Compulsive, but deductive, organizer that I am, I began by listing the information about the materials to capture. Whoa there, it’s not metadata yet. The result was a more thorough list of my materials (digital and analog) to save, how I’d like to sort the eventual metadata (by Type, Level of Access, and Priority), and other bits of context to capture in the inventory (e.g., dates, type of use, end goal for material, current storage, file type, OS, priority for saving, and unit(s) of measure (total can of worms)).

I was mostly successful in capturing what was outlined. The inventory itself took about 2 hours. Useful items: pen, paper, tape measure, lots of floor space, dust-free area, dust cloth, plastic bag and tape for batteries (tape nodes, save for recycle). I was remiss in not making photos but will do a better documentary job as this progresses. In fairness, I spent several days over the past two months consolidating files on my external drive and computer, so 2 hours is the culmination of a week of work.

Observation 1: In another post, I’ll summarize the amount of storage on all my devices and how much space I’m using. Don’t yawn. The units of measure don’t permit an apple-to-apple comparison between digital and analog when planning for saving or storage, but there is overlap between the two: a 250GB external hard drive in its box also takes up a 10×5 inch space on a shelf.

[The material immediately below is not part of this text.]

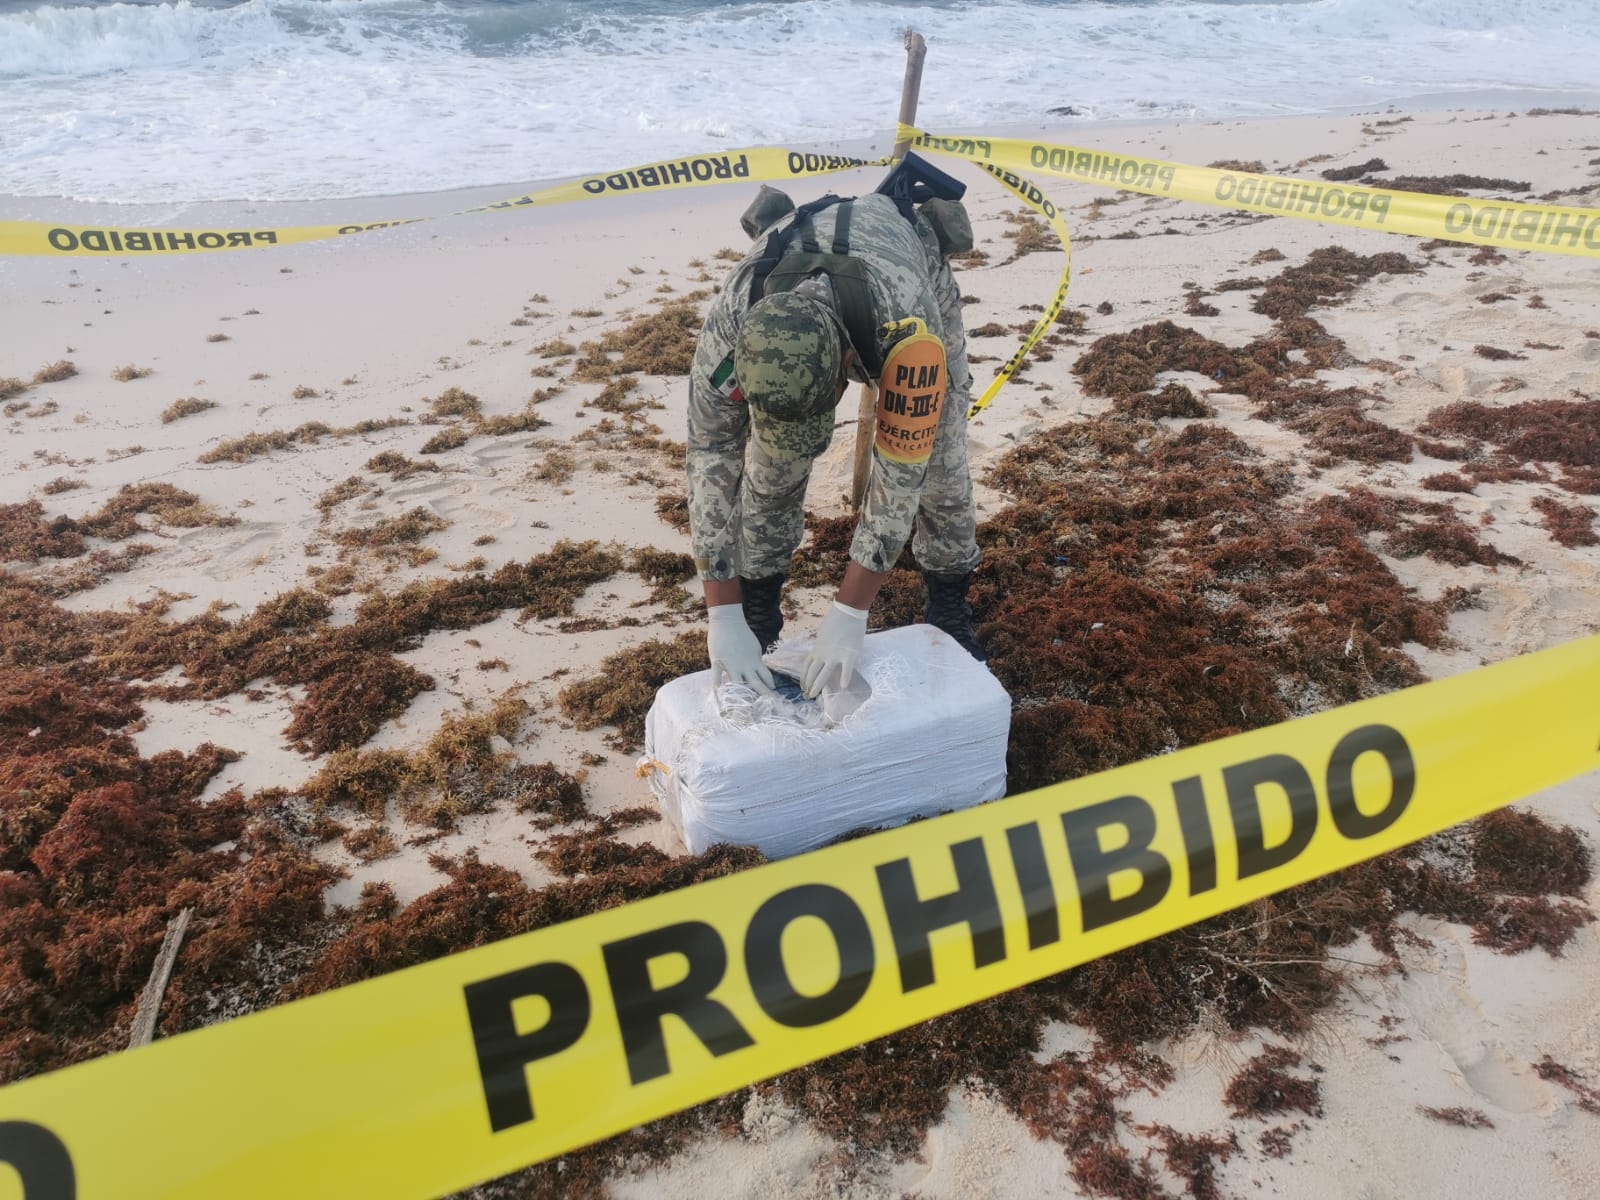 Recalan 30 paquetes de cocaína en playas de la costa este de Cozumel

Observation 2: There is A LOT of redundancy in what’s been saved to date, at least for images. I don’t delete and re-use the image cards from my digital camera, and the images are on a computer, an external hard drive, and Flickr. What to do?

Observation 3: However, there are other files/folders for which I have only one copy. The worst case: At some point I put files from 1987-1999 that were on 3.25 floppies onto a PC and have migrated that folder through at least four computers (Mac and PC). It lives on the external hard drive only.

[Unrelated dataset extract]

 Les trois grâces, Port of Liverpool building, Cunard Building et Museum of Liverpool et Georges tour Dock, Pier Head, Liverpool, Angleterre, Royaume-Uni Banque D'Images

Observation 4: After the inventory, I was a bit overwhelmed. It’s a royal pain to manage my materials, and I like doing this. What is everyone else doing, and what’s being lost? I made the “fire list” of priorities in case I run out of steam, and go figure, I want to save all the materials on tape and film. I’m less concerned about the digital materials (except for my high school senior paper in Word Perfect). In twenty years, will today’s kids have to worry about their term papers being inaccessible in Google Docs? For the record, I would save: an interview with my great-grandmother on micro-cassette; a folder of “vital” documents; all pictures; all video; mix tapes (audio cassette); home VHS tapes; vinyl; my iTunes library; master file of work notes; email; work documents

Observation 5: I’ve spent a lot of time burning email to discs and exporting it from one machine to another, but it’s a really low priority to save. In the interest of “saving” (my time, trees, energy) should I print that special email from my mom, put it in a folder, and delete the million other mundane messages? Also, saving things that I’ve published is dead last on the list. Sorry open access folks, but right now I’m counting on publishers (open or not) to perpetuate the academic record of my work.

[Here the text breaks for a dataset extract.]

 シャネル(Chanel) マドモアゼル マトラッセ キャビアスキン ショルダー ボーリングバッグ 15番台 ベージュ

Observation 6: Take out your batteries! Especially the alkaline ones if you haven’t used the device for more than a year. I understand some people (not me) like to lick the white stuff that flakes off corroded batteries. Save them, and you and your materials, a trip to the emergency room, and remove the batteries from devices you don’t use but won’t throw away, ahem, recycle.

This post is way too long, so I’ll put next steps in another segment and will post the spreadsheet with inventory. Scintillating reading.

Personal Preservation

I’m beginning a new project to explore the options for preserving my digital (and maybe analog) stuff: images, videos, and texts. This three month, proof-of-concept endeavor is a classic plan-to-plan activity, but at the conclusion, I should have a solid idea of what I can do, as a layperson, about digital preservation and a plan for doing it. I’ll post the project plan shortly.